89 A.D.3d 1009 | N.Y. App. Div. | 2011
The professional corporation defendants, along with the defendants Valentina Anikeyeva and Andrey Anikeyev (hereinafter collectively the defendants), moved, among other things, pursuant to CPLR 3211 (a) (7) to dismiss the first and second causes of action for failure to state a cause of action. In an order entered September 3, 2010, the Supreme Court, inter alia, denied those branches of the defendants’ motion. We affirm the order insofar as appealed from.
“In determining a motion to dismiss pursuant to CPLR 3211 (a) (7), the court must afford the pleading a liberal construction, accept the facts as alleged in the complaint as true, accord the plaintiff the benefit of every favorable inference, and determine only whether the facts as alleged fit within any cognizable legal theory” (Integrated Constr. Servs., Inc. v Scottsdale Ins. Co., 82 AD3d 1160, 1162 [2011] [internal quotation marks omitted]).
“A motion to dismiss a declaratory judgment action prior to the service of an answer presents for consideration only the issue of whether a cause of action for declaratory relief is set forth, not the question of whether the plaintiff is entitled to a favorable declaration” (Staver Co. v Skrobisch, 144 AD2d 449, 450 [1988]; see Rockland Light & Power Co. v City of New York,
Accordingly, where a cause of action is sufficient to invoke the court’s power to “render a declaratory judgment ... as to the rights and other legal relations of the parties to a justiciable controversy” (CPLR 3001; see 3017 [b]), a motion to dismiss that cause of action should be denied (see St. Lawrence Univ. v Trustees of Theol. School of St. Lawrence Univ., 20 NY2d 317, 325 [1967]; Rockland Light & Power Co. v City of New York, 289 NY at 51; Tileon N.Y., Inc. v Town of Poughkeepsie, 87 AD3d at 1150; Staver Co. v Skrobisch, 144 AD2d at 450; Ackert v Union Pac. R. R. Co., 4 AD2d 819, 821 [1957]; see also 5-3001 Weinstein-Korn-Miller, NY Civ Prac H 3001.13).
Here, contrary to the defendants’ contention, the allegations in the first and second causes of action presented justiciable controversies sufficient to invoke the Supreme Court’s power to render a declaratory judgment (see CPLR 3001; Waldman v 853 St. Nicholas Realty Corp., 64 AD3d 585, 587 [2009]; cf. State Farm Mut. Auto. Ins. Co. v Mallela, 4 NY3d 313, 321 [2005]; One Beacon Ins. Group, LLC v Midland Med. Care, P.C., 54 AD3d 738, 740 [2008]; A.M. Med. Servs., P.C. v Progressive Cas. Ins. Co., 22 Misc 3d 70, 71 [2008]).

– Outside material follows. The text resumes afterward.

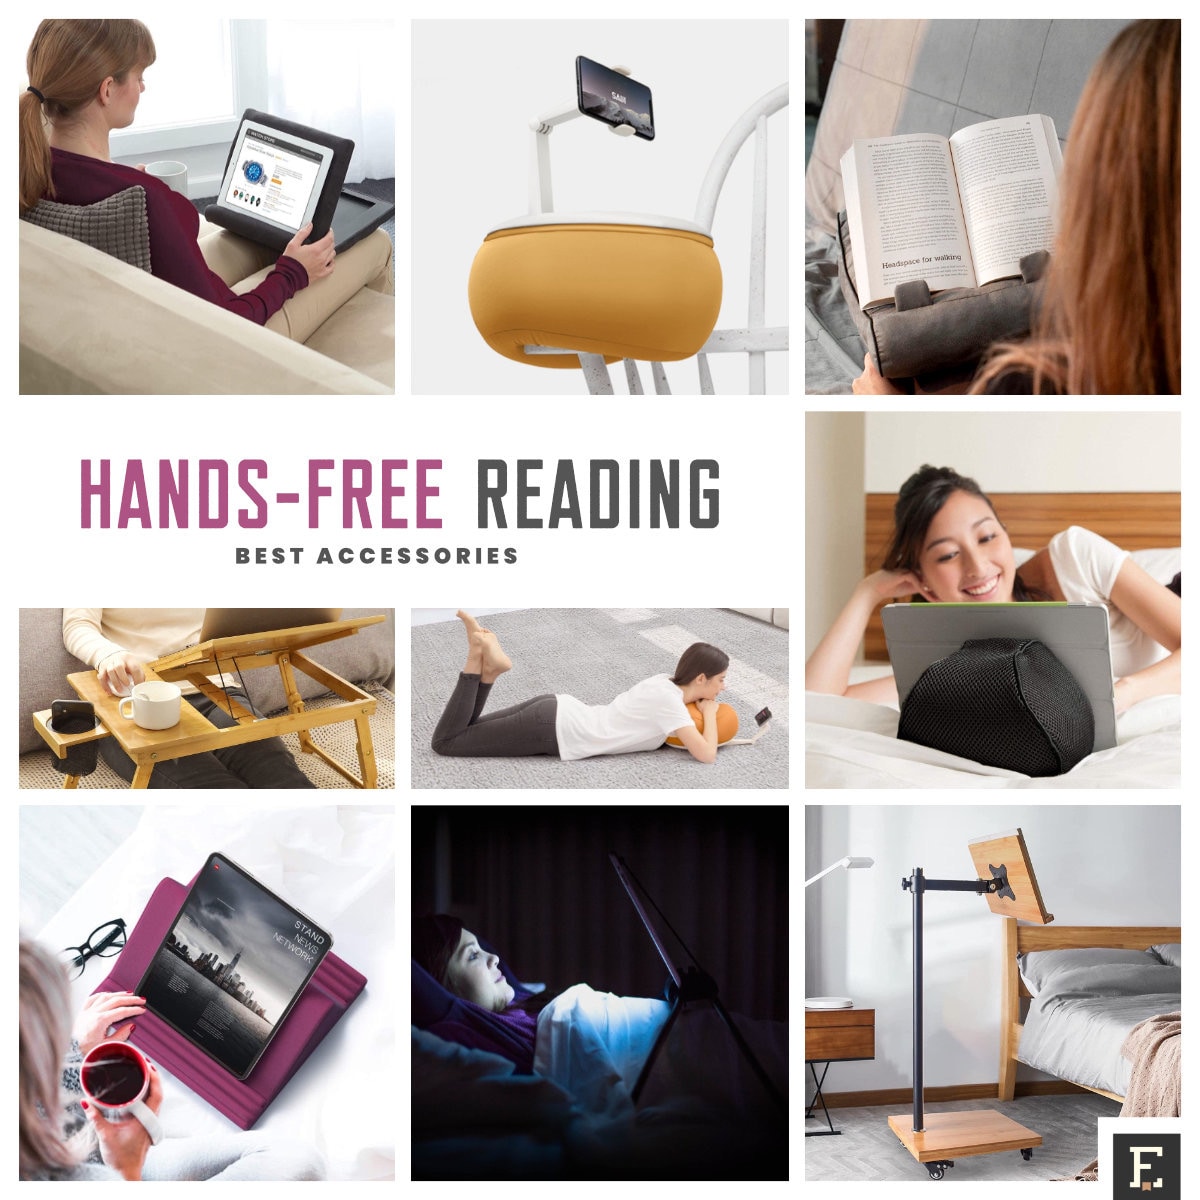 Best hands-free accessories ebooks print books

The defendants’ remaining contentions are without merit.
Accordingly, the Supreme Court properly denied those branches of the defendants’ motion which were to dismiss the first and second causes of action pursuant to CPLR 3211 (a) (7) for failure to state a cause of action. Mastro, J.P, Dillon, Cohen and Miller, JJ., concur.